_Required work_:
Nothing but the lines below from the one with "large black brown" through the one with "SAFAVIEH Chelsea Collection" should be output, each exactly as given, and no pictures.

_Exercise material_:
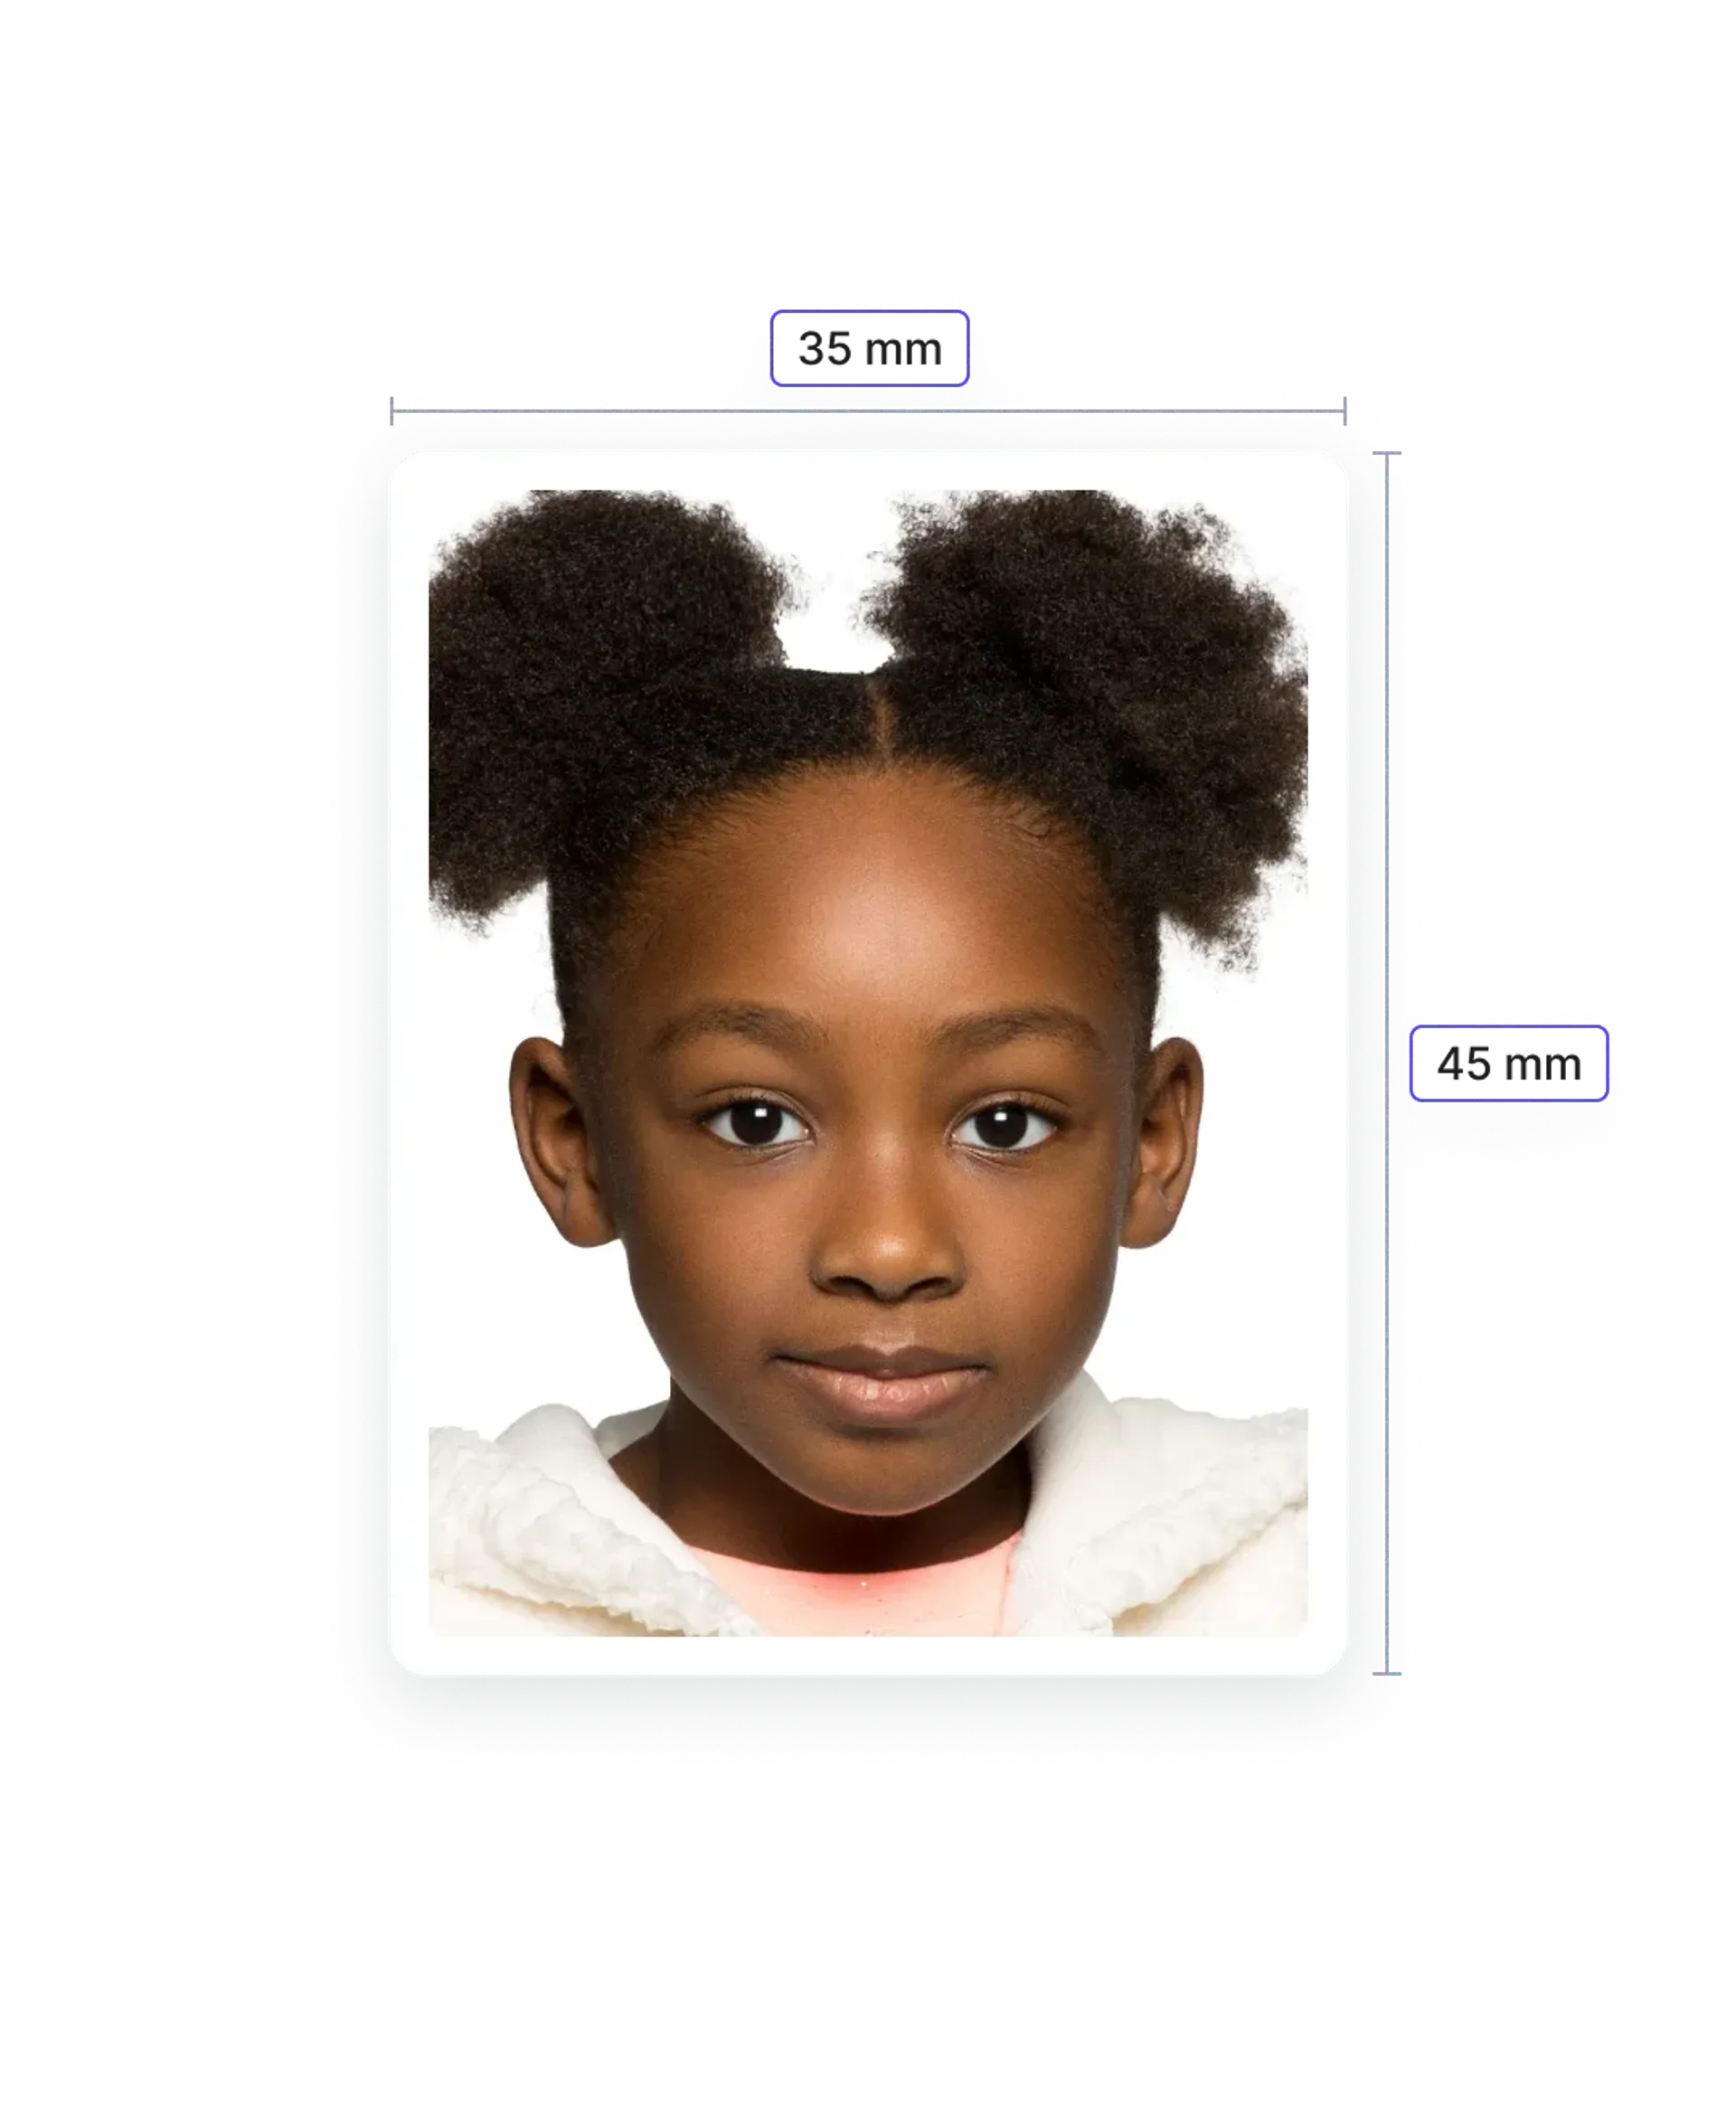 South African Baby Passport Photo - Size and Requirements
==
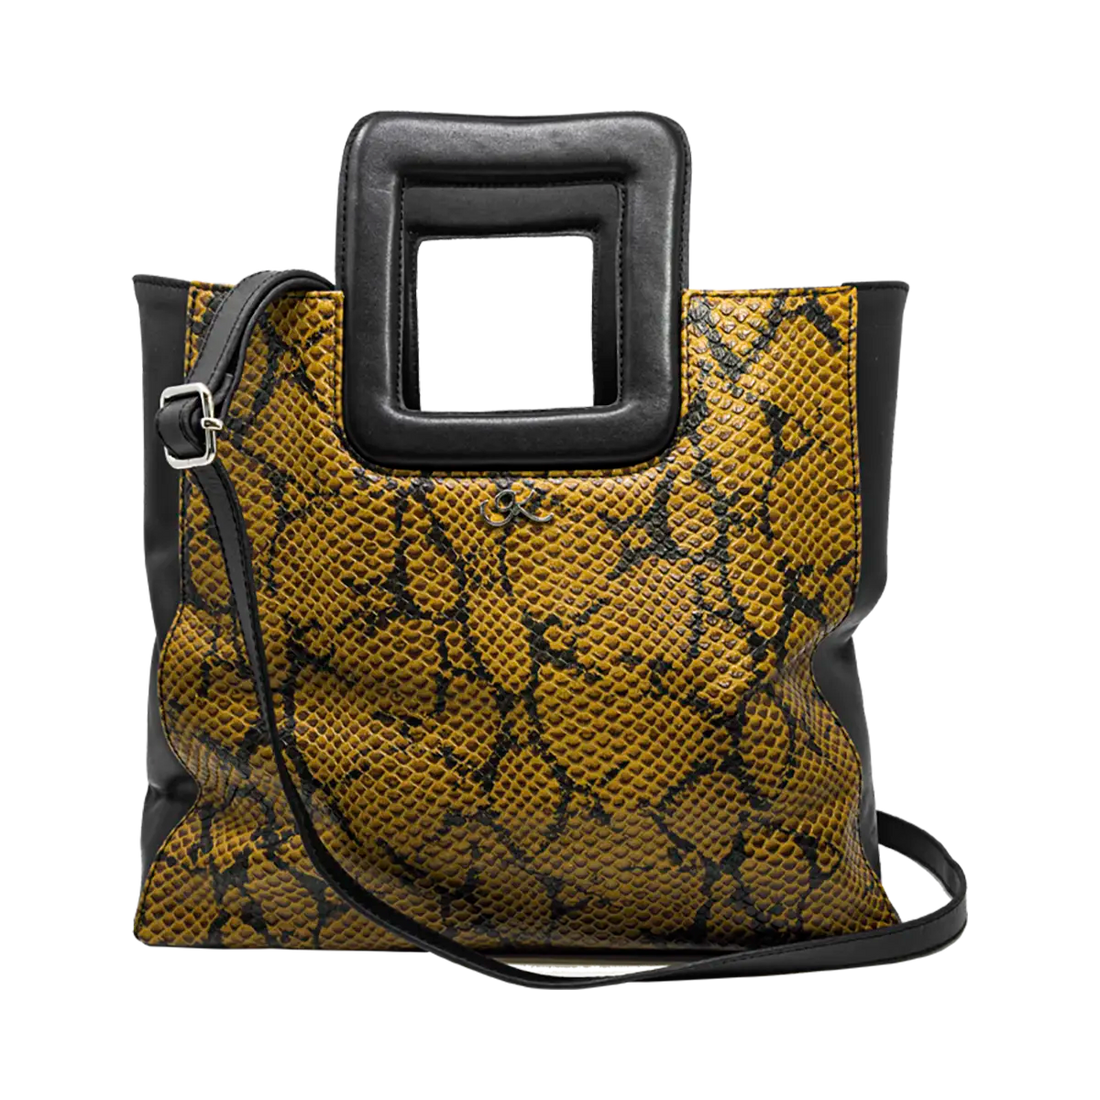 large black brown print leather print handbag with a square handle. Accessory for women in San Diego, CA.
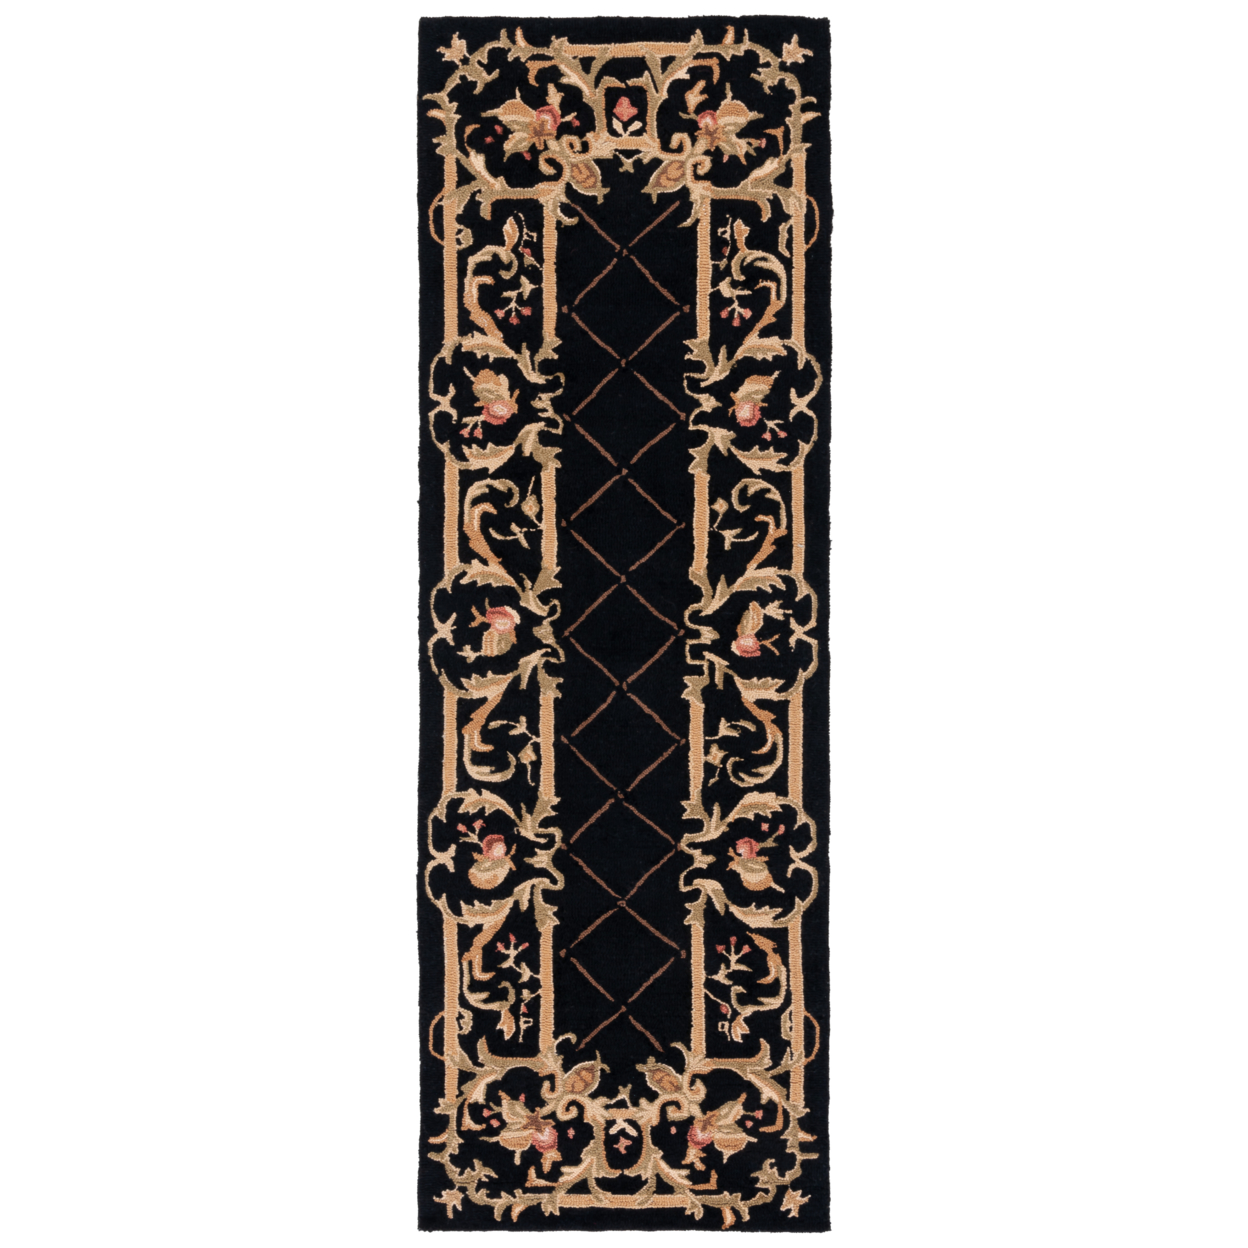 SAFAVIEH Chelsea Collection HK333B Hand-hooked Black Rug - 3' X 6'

_Answer box_:
 large black brown print leather print handbag with a square handle. Accessory for women in San Diego, CA.
 SAFAVIEH Chelsea Collection HK333B Hand-hooked Black Rug - 3' X 6'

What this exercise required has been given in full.